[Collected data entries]
----
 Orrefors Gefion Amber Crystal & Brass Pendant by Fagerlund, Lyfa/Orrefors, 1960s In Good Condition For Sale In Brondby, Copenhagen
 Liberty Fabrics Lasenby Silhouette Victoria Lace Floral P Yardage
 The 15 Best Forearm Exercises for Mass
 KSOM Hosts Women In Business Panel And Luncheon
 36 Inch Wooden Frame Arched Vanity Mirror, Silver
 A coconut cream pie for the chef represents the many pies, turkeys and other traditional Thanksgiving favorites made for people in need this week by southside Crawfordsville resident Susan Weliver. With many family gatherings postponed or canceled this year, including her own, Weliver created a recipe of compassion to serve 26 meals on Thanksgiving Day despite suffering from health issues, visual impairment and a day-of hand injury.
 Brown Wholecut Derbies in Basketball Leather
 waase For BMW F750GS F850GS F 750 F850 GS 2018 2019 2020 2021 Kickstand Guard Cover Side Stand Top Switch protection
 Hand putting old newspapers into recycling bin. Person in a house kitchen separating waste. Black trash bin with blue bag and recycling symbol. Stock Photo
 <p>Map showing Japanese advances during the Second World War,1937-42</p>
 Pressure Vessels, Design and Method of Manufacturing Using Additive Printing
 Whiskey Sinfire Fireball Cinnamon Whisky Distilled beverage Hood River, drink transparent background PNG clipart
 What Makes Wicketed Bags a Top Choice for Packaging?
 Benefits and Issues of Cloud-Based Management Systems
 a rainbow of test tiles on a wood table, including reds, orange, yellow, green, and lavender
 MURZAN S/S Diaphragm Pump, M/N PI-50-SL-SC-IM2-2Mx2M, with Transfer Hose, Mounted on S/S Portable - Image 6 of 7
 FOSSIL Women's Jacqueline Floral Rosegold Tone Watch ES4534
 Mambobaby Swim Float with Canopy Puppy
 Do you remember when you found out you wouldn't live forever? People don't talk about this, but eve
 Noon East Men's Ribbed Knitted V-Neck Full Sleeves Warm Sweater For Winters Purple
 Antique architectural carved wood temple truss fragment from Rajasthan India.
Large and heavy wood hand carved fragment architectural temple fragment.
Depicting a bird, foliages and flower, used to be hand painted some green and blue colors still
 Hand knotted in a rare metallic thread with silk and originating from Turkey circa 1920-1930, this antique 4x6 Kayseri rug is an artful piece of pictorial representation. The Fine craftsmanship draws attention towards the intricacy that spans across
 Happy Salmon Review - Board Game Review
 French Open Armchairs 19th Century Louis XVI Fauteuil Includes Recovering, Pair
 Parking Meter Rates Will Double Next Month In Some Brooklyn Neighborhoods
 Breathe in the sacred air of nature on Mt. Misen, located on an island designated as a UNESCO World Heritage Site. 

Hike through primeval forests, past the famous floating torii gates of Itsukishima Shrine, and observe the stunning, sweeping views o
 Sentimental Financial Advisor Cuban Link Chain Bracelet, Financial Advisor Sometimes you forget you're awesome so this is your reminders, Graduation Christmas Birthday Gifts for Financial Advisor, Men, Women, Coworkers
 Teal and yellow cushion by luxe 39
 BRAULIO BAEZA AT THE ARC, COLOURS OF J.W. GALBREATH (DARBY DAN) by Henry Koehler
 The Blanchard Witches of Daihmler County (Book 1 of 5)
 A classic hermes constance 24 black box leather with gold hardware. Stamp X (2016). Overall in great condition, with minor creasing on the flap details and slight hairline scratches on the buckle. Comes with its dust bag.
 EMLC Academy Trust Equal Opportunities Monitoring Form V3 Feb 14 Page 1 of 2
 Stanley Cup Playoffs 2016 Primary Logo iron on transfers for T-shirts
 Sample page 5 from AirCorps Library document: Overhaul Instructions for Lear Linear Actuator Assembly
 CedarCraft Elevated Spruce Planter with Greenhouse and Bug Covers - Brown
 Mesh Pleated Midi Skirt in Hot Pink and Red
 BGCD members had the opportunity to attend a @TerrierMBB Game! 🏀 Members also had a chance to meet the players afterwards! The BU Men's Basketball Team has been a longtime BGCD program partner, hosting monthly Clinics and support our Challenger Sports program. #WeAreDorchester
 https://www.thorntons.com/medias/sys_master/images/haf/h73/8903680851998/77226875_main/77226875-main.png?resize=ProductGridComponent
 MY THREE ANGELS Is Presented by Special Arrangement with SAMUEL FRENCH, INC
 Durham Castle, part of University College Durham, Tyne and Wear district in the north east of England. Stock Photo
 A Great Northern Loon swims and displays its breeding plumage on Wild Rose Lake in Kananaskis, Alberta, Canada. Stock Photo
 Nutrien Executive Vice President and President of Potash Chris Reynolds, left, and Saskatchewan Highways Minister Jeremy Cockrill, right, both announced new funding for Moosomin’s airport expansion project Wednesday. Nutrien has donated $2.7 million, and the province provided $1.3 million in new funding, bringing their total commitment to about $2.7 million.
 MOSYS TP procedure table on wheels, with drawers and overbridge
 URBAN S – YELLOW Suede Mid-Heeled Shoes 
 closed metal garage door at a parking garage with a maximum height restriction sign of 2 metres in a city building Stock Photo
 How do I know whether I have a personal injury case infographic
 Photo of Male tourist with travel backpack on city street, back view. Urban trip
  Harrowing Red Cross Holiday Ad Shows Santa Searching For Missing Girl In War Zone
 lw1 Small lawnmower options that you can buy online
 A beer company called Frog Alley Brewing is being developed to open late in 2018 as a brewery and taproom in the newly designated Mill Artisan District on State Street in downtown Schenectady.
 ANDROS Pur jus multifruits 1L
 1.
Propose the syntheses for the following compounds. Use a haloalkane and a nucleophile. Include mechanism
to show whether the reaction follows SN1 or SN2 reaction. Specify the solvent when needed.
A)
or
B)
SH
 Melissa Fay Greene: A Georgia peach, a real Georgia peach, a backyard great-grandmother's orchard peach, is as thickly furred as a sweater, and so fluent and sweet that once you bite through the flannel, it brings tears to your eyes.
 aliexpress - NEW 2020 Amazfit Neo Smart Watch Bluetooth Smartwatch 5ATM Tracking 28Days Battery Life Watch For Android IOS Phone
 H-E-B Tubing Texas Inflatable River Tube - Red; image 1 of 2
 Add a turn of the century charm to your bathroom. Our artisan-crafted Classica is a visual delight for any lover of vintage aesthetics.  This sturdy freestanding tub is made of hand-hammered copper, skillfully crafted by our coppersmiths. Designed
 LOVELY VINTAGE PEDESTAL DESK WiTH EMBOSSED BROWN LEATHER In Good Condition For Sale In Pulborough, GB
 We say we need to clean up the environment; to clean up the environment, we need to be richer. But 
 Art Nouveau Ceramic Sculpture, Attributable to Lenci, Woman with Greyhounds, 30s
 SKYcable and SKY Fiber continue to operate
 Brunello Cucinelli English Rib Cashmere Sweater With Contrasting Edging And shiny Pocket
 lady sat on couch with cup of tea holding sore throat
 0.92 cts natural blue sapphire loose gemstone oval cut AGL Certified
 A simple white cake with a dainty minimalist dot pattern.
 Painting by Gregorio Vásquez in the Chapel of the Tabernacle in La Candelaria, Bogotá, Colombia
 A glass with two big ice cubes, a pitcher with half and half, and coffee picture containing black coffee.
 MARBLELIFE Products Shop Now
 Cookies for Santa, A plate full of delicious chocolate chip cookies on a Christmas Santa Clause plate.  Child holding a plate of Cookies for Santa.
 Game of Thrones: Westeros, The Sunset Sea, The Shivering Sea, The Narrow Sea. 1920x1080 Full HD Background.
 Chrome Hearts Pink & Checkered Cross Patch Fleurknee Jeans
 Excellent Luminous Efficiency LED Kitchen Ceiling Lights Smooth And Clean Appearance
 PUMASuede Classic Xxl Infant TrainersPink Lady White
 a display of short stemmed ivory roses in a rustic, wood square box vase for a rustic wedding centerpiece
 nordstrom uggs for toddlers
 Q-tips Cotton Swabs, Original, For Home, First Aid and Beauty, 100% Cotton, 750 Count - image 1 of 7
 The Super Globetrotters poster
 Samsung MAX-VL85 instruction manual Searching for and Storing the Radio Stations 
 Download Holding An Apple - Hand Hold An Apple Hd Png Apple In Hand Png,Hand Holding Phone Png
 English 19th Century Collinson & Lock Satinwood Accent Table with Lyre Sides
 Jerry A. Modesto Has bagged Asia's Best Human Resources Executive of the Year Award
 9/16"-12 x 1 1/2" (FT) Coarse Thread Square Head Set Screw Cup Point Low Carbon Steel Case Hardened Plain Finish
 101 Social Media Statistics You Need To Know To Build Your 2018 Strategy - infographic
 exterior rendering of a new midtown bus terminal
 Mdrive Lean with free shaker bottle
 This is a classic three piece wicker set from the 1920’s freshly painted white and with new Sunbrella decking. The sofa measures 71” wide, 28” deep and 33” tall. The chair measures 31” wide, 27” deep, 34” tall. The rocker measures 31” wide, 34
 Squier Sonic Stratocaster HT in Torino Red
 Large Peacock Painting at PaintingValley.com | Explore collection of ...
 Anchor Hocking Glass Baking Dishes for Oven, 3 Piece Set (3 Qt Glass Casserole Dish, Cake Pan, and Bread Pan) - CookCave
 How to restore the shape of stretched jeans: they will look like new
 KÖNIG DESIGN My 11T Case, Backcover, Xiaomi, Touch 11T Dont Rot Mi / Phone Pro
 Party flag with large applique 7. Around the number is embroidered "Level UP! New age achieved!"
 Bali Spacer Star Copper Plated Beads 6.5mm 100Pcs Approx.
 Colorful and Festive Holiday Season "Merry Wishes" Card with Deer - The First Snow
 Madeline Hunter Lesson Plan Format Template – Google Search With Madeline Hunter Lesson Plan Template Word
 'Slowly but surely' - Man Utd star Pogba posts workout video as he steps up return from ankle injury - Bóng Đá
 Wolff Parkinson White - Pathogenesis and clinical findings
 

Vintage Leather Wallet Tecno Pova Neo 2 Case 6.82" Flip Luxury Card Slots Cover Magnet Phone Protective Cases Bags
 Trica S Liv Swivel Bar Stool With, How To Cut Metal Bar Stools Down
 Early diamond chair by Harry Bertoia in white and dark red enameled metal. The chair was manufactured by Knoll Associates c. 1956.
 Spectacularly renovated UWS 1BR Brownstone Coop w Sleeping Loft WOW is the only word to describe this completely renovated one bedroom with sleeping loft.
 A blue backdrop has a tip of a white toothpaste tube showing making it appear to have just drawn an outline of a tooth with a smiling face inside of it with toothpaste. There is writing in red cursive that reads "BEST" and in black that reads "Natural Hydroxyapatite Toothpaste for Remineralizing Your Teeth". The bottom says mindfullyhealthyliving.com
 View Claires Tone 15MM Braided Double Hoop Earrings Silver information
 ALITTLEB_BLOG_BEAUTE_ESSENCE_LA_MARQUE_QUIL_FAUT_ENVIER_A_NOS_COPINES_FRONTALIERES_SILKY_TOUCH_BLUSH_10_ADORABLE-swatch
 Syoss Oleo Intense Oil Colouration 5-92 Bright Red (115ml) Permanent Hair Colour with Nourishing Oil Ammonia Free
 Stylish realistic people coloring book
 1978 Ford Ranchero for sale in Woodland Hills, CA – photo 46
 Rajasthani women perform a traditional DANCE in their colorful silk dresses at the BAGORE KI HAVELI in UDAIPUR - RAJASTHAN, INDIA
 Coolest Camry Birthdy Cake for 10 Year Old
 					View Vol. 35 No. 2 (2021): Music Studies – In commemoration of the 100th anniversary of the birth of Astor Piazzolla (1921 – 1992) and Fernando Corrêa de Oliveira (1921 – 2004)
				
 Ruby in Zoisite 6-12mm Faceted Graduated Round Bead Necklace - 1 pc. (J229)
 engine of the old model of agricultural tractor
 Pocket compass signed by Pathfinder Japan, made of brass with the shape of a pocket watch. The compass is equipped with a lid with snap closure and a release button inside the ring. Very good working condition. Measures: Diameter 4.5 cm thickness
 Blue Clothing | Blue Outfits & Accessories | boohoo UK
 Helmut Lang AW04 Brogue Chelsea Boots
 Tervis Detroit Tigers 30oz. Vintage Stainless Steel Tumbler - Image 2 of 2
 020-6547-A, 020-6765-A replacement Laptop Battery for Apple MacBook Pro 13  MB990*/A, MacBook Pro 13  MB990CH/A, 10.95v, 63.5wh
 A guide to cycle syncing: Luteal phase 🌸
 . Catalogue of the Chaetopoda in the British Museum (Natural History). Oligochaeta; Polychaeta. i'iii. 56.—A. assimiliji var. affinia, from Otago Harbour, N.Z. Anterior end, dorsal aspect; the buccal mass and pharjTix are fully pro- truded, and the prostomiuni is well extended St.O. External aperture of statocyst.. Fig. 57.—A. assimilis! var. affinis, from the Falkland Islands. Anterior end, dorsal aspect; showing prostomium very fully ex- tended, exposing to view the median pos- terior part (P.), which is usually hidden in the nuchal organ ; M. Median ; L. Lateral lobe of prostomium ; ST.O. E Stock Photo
----
[What is being asked]
From the entries above, restate word for word the lines from the line containing "Mambobaby Swim Float with Canopy Puppy" to the line containing "Hand knotted in", both ends included, and nothing more.

[Written solution]
 Mambobaby Swim Float with Canopy Puppy
 Do you remember when you found out you wouldn't live forever? People don't talk about this, but eve
 Noon East Men's Ribbed Knitted V-Neck Full Sleeves Warm Sweater For Winters Purple
 Antique architectural carved wood temple truss fragment from Rajasthan India.
Large and heavy wood hand carved fragment architectural temple fragment.
Depicting a bird, foliages and flower, used to be hand painted some green and blue colors still
 Hand knotted in a rare metallic thread with silk and originating from Turkey circa 1920-1930, this antique 4x6 Kayseri rug is an artful piece of pictorial representation. The Fine craftsmanship draws attention towards the intricacy that spans across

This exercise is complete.